Exercise is a well established tool to keep healthy. The American College of Sports Medicine recommends a minimum of 150 min endurance exercise a week and 20 min of resistance exercise two to three times a week (click here for more details).This is only a minimum indeed and if you are reading this, it is likely that you want to do more to improve your health further. Whatever your goals are, it is important to determine which kind of exercise is the most effective, as we are all short of time.
Several researchers have studied how and if endurance training, resistance exercise or a combination of both affect health parameters such as body weight, waist circumference, lean body mass, blood lipids, fitness… Lukas Schwingshackl and his colleagues have reviewed these studies to determine which modality would be the most effective, and in December 2013 they published their conclusions in PLoSONE.
The main result was that endurance exercise was the most effective to reduce body weight, waist circumference and fat mass, and to improve fitness (as measured by VO2max). Resistance exercise however, was better to increase lean body mass. There were no significant differences in the improvement of the blood lipids between the exercise modalities.
Researchers use waist circumference to estimate visceral fat, which is an important risk factor for cardiovascular disease. A reduction in waist circumference, suggesting a decrease in visceral fat, is thus an important result. An increase in VO2max is associated with reduced all-cause mortality and a lower risk of cardiovascular risk. Endurance training can thus really improve your life!
Resistance training leads to an increase in lean body mass, thus in muscle mass and strength. This counteracts the loss you normally experience due to aging. This is important, as the tasks of daily life do not become lighter because you are getting older. If you want to stay active and independent in old age you have to maintain your strength.
Lukas Schwingshackl and his colleagues concluded from their review that combining endurance with resistance training allows us to reap the benefits of both modalities, and is therefore the most promising regimen. However, they admit that this increases the time you spend exercising. In two of the reports they examined, the time even doubled.
If you don’t have time
In 2011, Criz Slentz compared the effects of endurance training, resistance exercise and a combination of both on 249 volunteers, taking great care that everybody was spending the same amount of calories while exercising. He also concluded that endurance training was more effective than resistance exercise to reduce visceral fat and to improve fitness, but he could not notice a difference between the effects of endurance and combination endurance/resistance training. As resistance training is more time consuming, he advised to keep to endurance training.
Can I believe the review?
Lukas Schwingshackl’s review is a meta-analysis, which means that they analysed, evaluated and compared studies done by other researchers in order to come to a conclusion. This saves people like you and me a lot of time and effort!

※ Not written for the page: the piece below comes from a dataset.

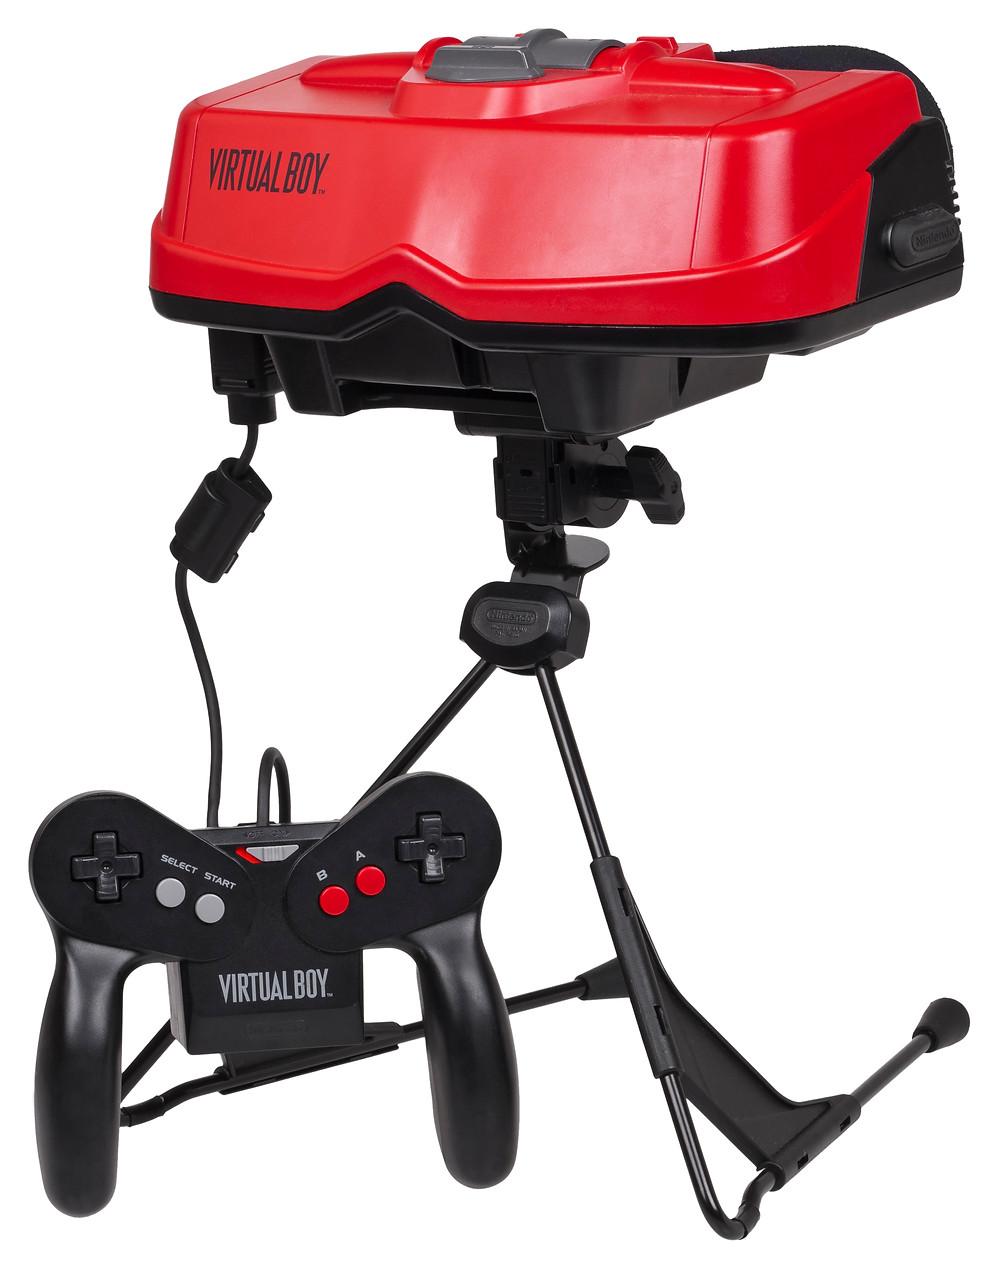 Virtual Boy Promo Image

On the other hand, we have to trust that they have excluded all the bad studies and kept the good ones. In theory, there is always a danger that reviewers cherry-pick the studies they like.

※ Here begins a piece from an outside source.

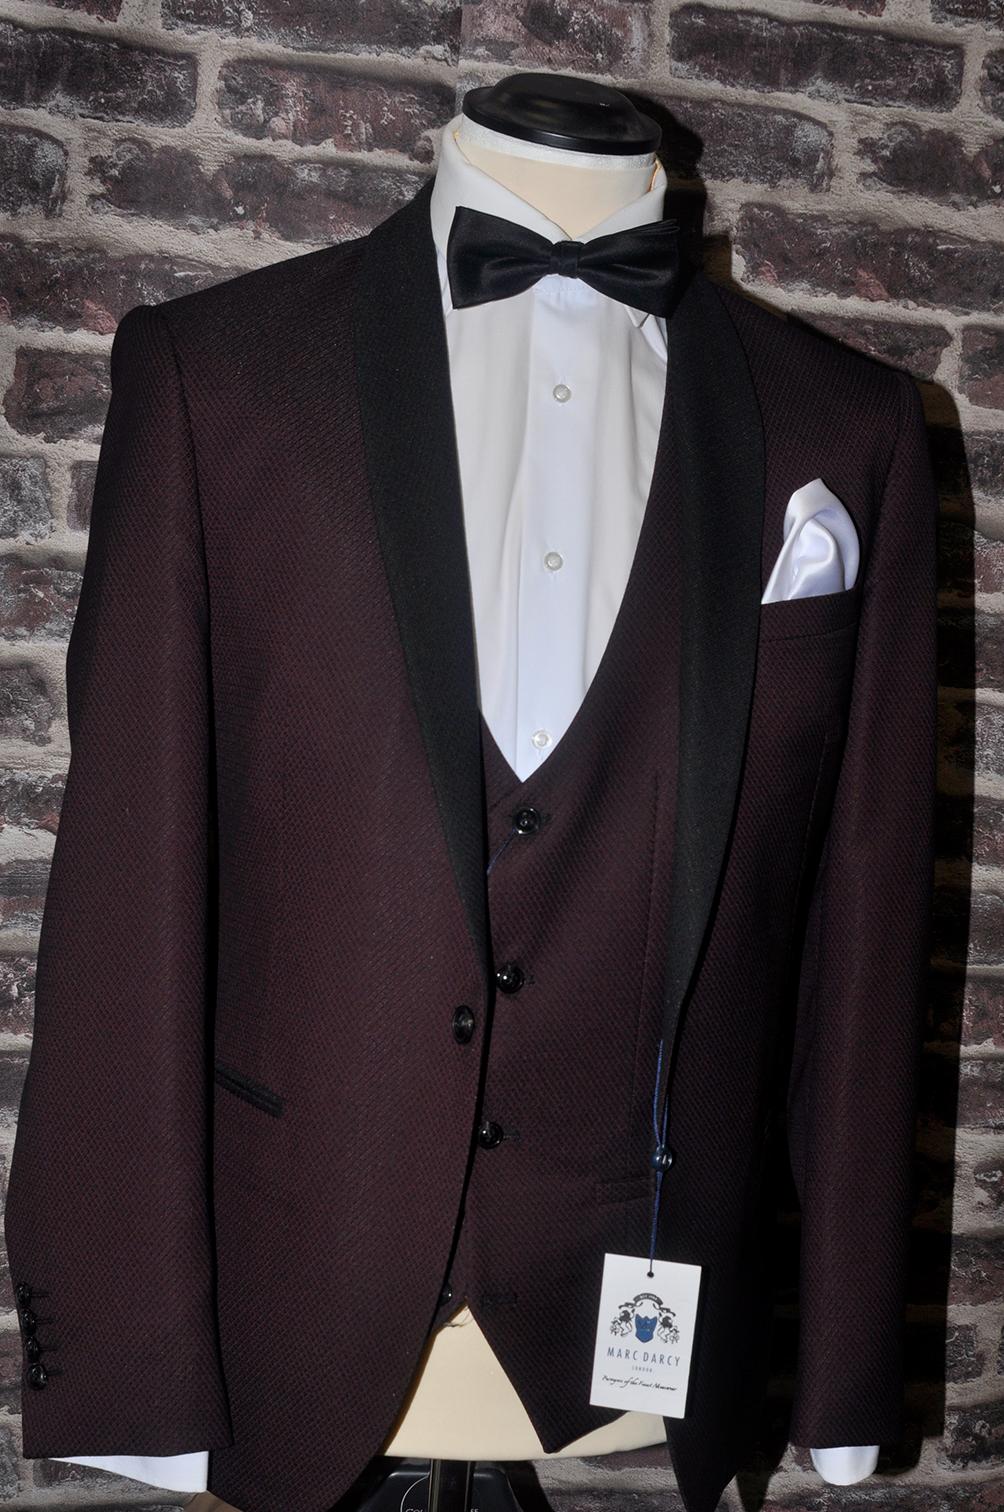 Burgundy Textured Shawl Lapel Tuxedo

Moreover, reviewers can only analyse studies that have been published. As nobody likes to read negative results or no-reports, only the positive ones get published. It is therefore always possible that a review is biased because of a lack of data. This is called publication bias and is very hard to avoid.
What does it mean for me?
As yet, we can conclude that a training regimen combining endurance and resistance exercise is the best option. If you are short of time however, you should stick to endurance training.
Disclaimer: this article is for general information only, and does not replace medical advice. It cannot be used to diagnose or guide treatment. If you have any concerns or questions, you should talk to a qualified health provider.
Schwingshackl L, Dias S, Strasser B et al. Impact of Different Training Modalities on Anthropometric and Metabolic Characteristics in Overweight/Obese Subjects: A Systematic Review and Network Meta-Analysis. PLoS ONE. 2013; 8(12): e82853. doi:10.1371/journal.pone.0082853.
Slentz C, Bateman L, Willis L et al. Effects of aerobic vs resistance training on visceral and liver fat stores, liver enzymes, and insulin resistance by HOMA in overweight adults from STRRIDE AT/RT. American Journal of Physiology – Endocrinology and Metabolism. 2011; 301: E1033-E1039. doi: 10.1152/ajpendo.00291.2011.